**Given material:**
┏━━

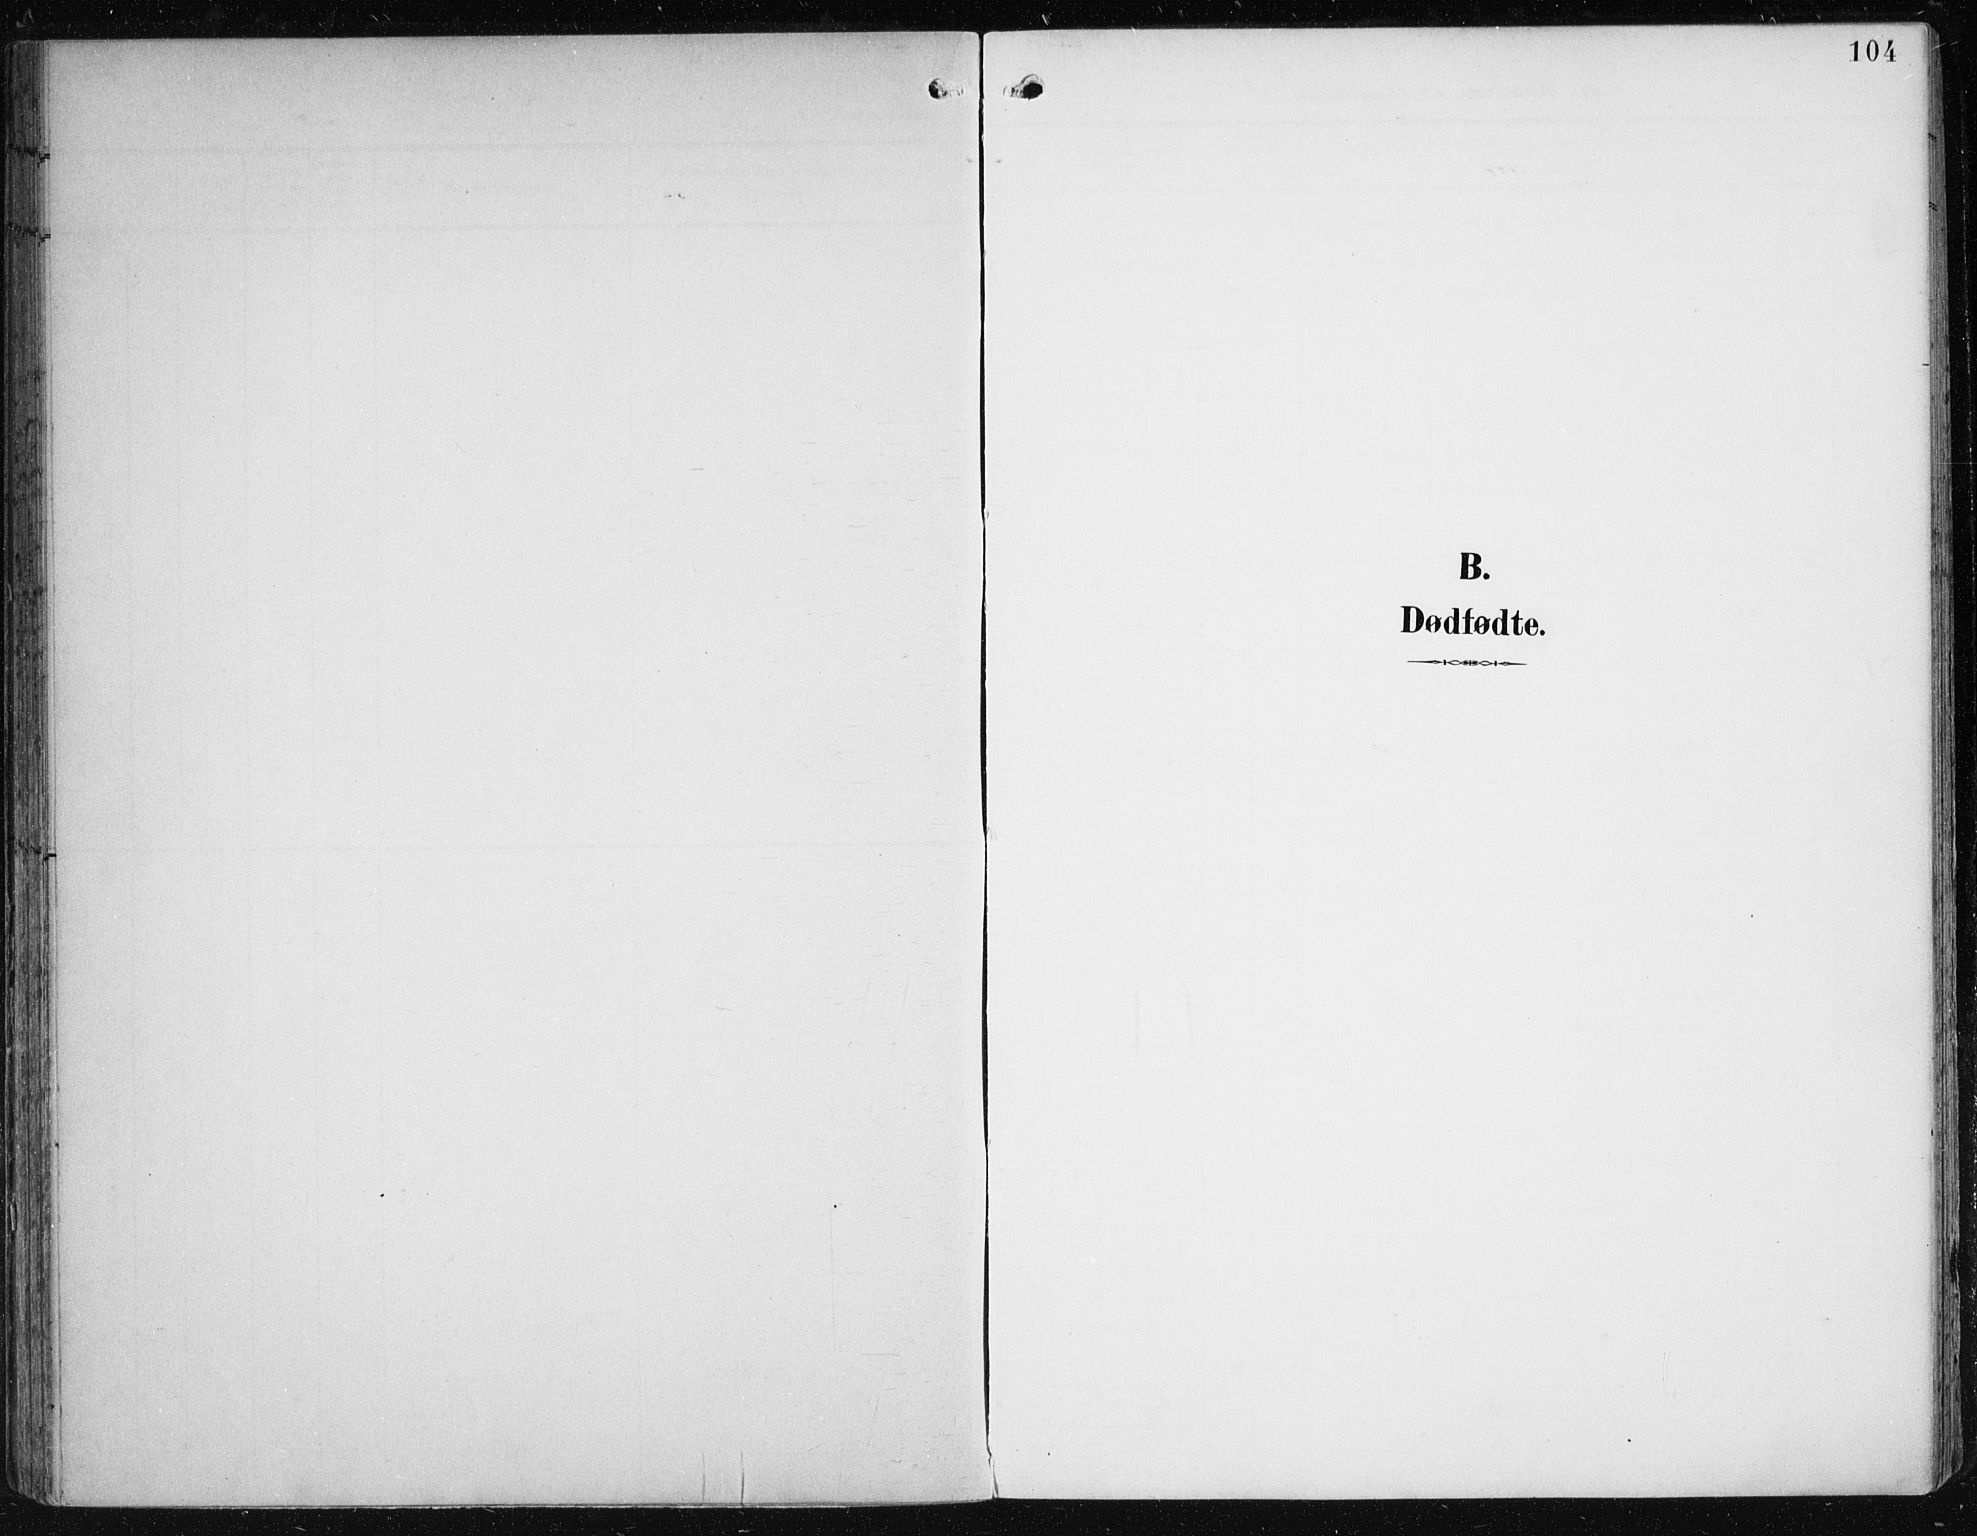 SAB, Fana Sokneprestembete, H/Haa/Haai/L0003: Ministerialbok nr. I 3, 1900-1912, s. 104
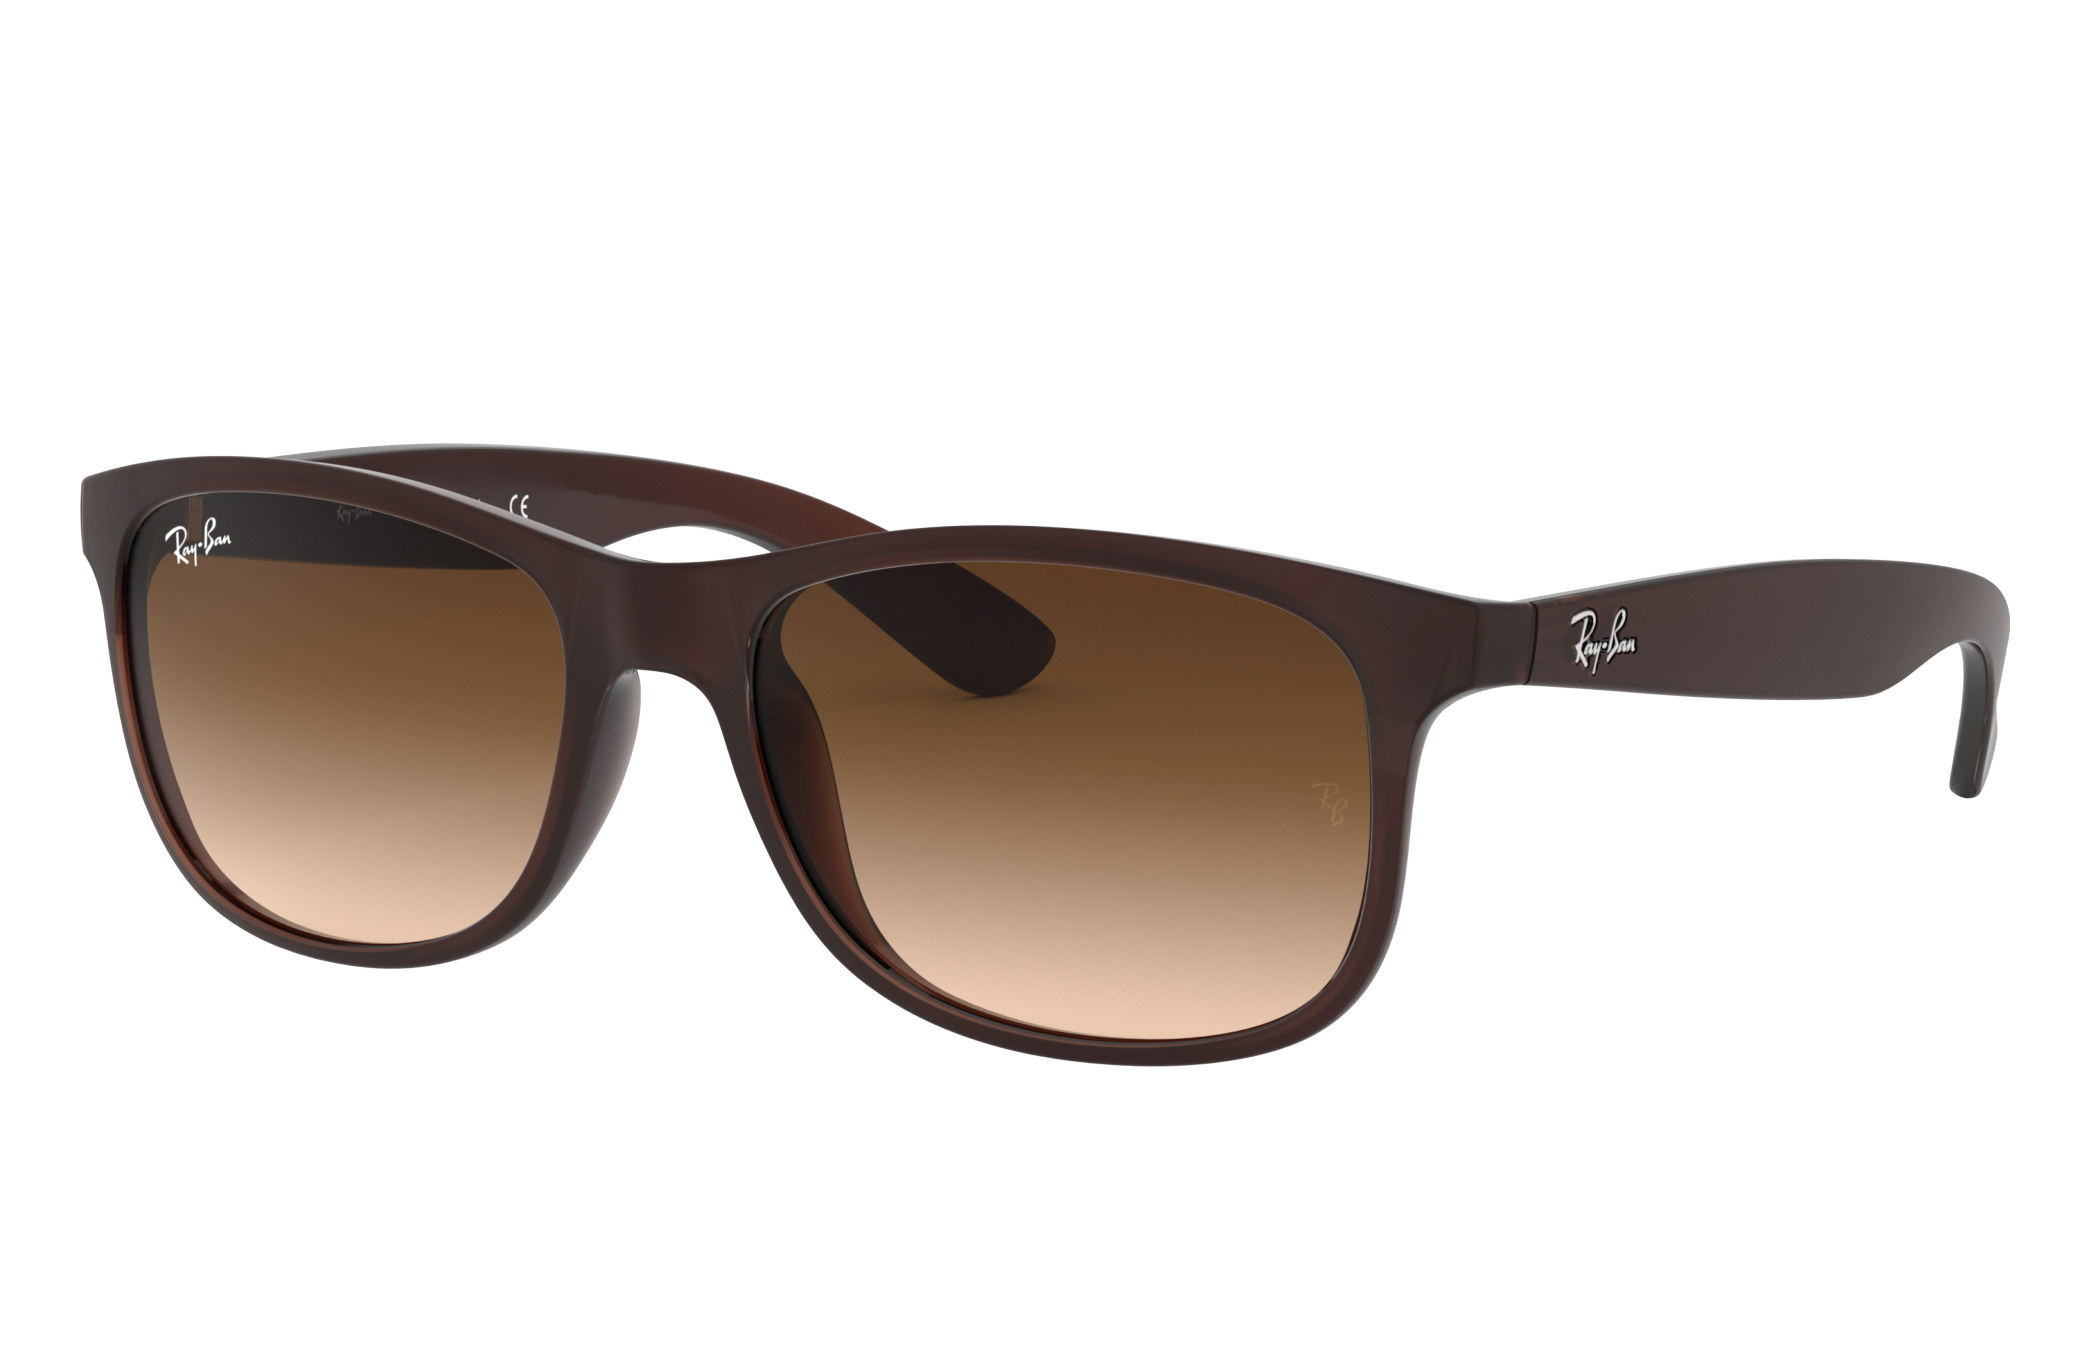 Ray-Ban Andy Brown, Brown Lenses - RB4202
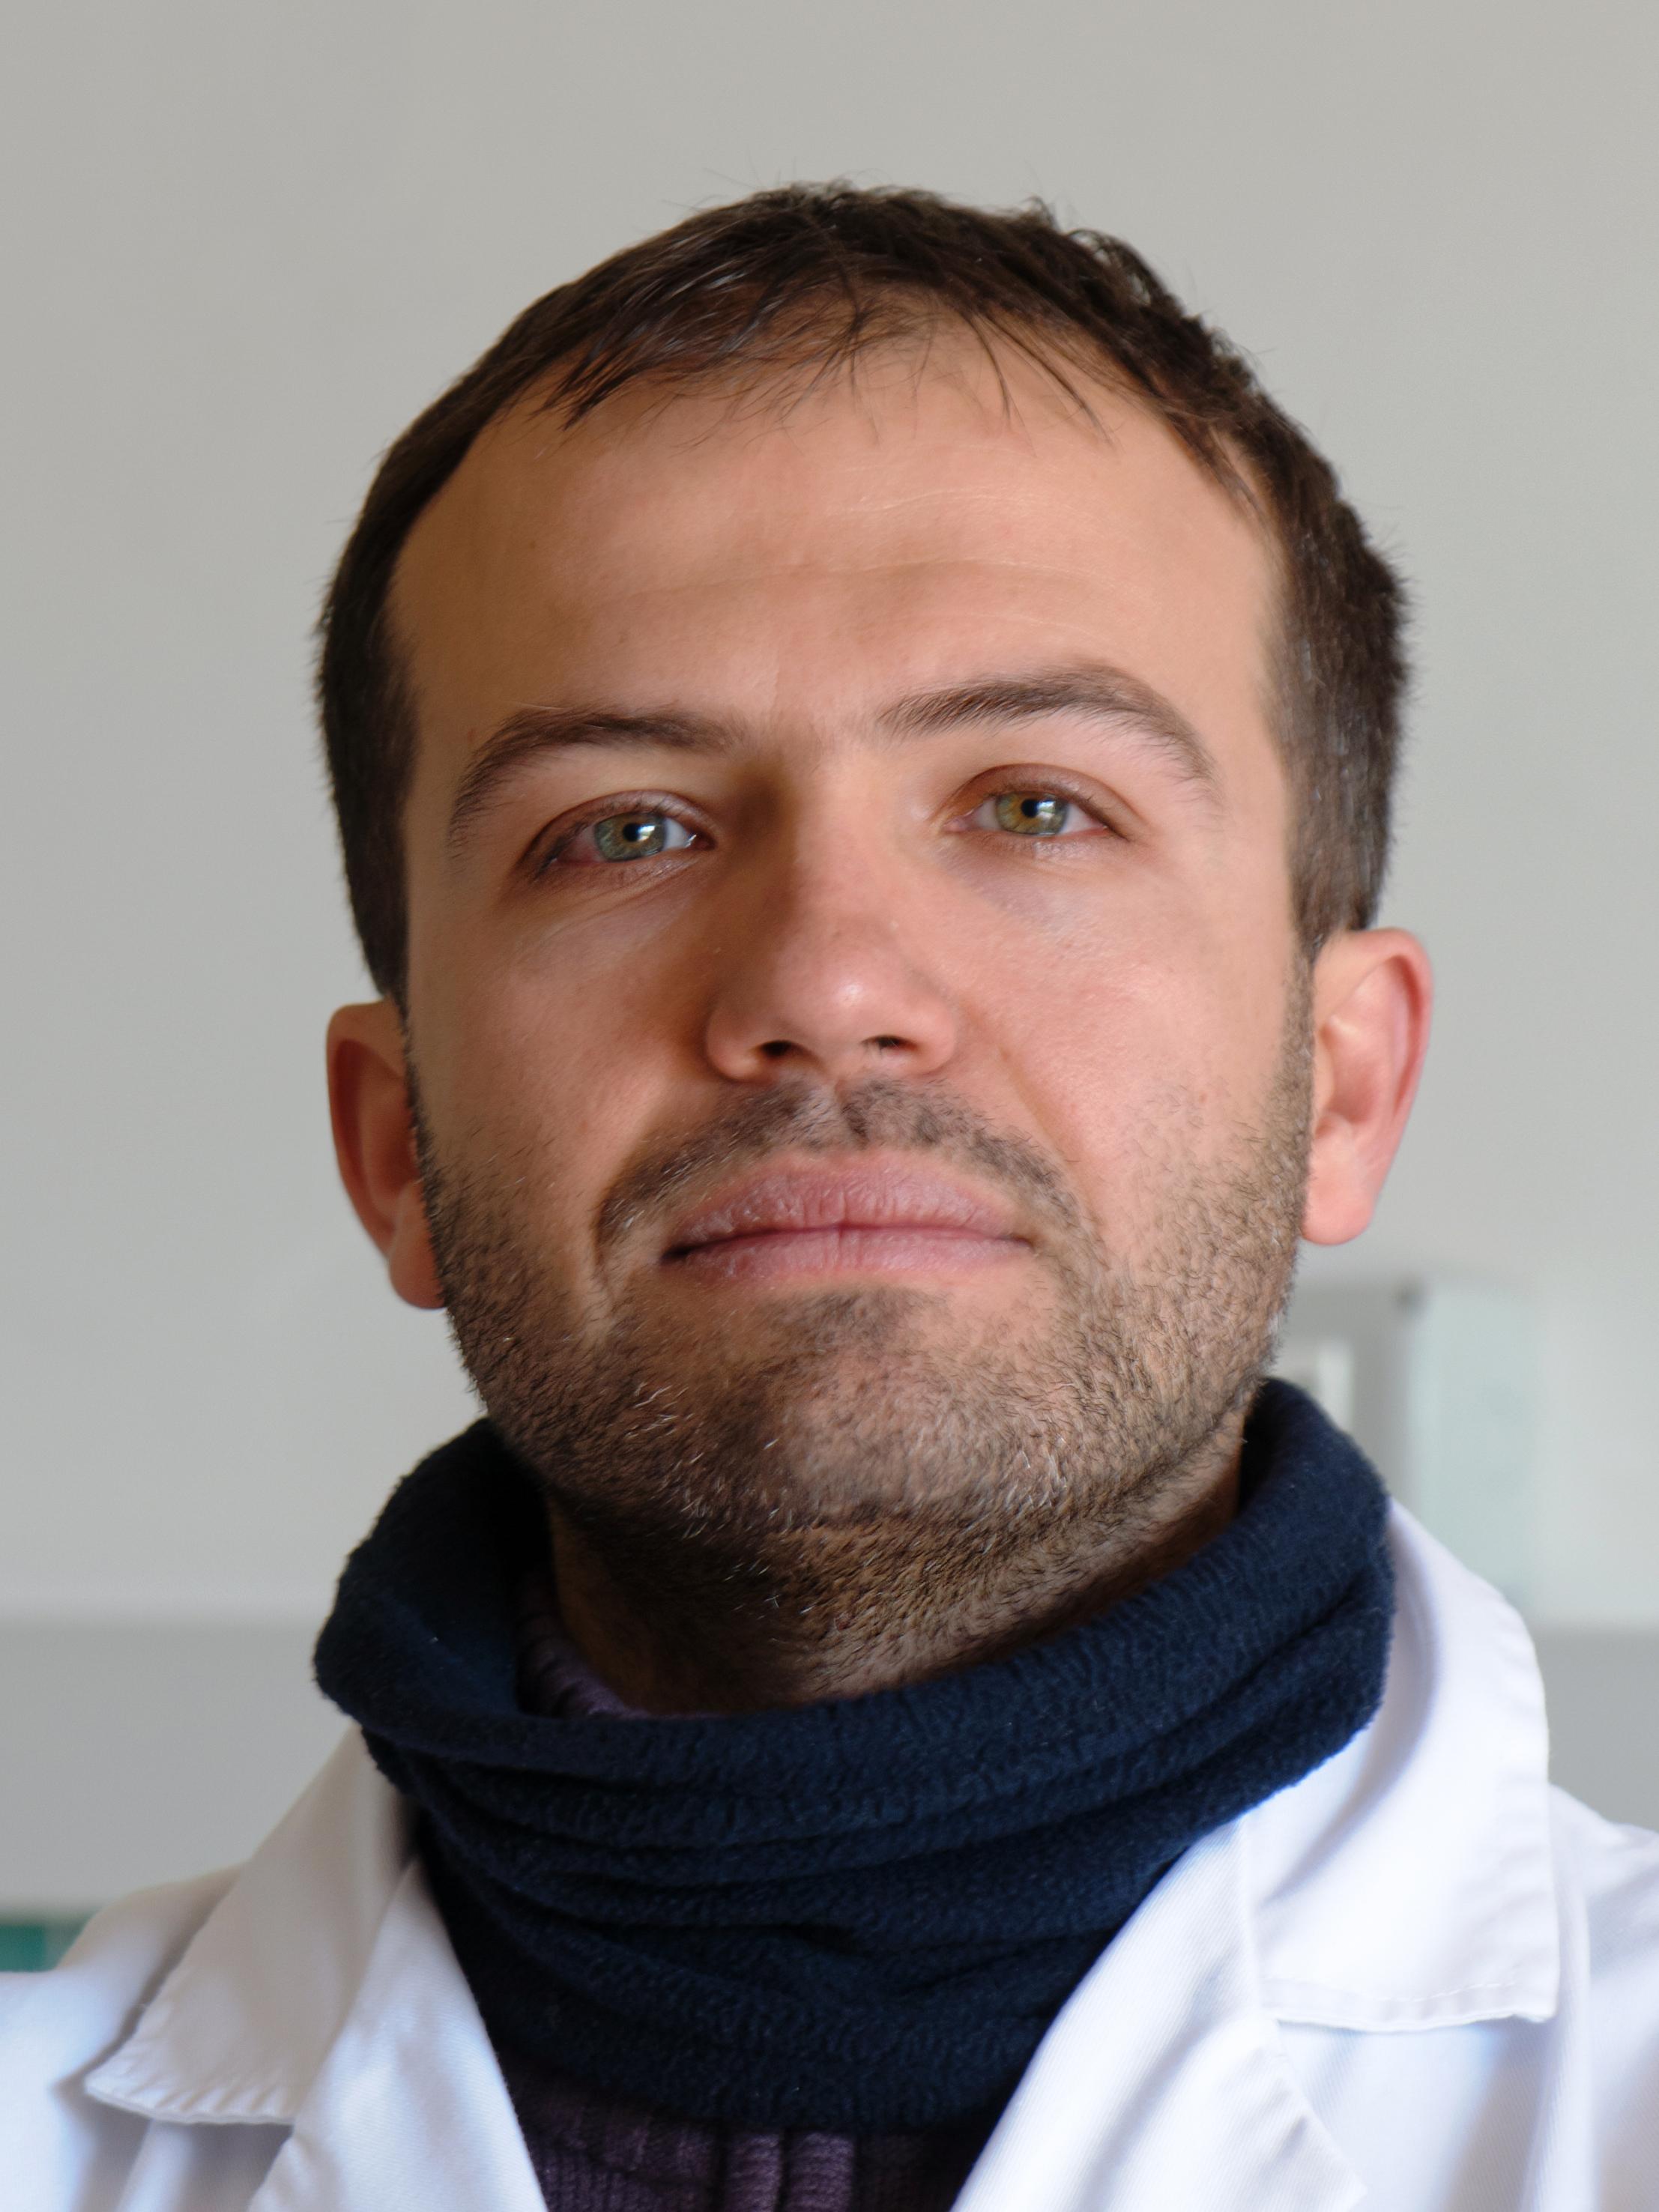 Alessandro Mazzotta

┗━━

The required output is each line above restated verbatim, with all images omitted.

**Response to this task:**
 SAB, Fana Sokneprestembete, H/Haa/Haai/L0003: Ministerialbok nr. I 3, 1900-1912, s. 104
 Ray-Ban Andy Brown, Brown Lenses - RB4202
 Alessandro Mazzotta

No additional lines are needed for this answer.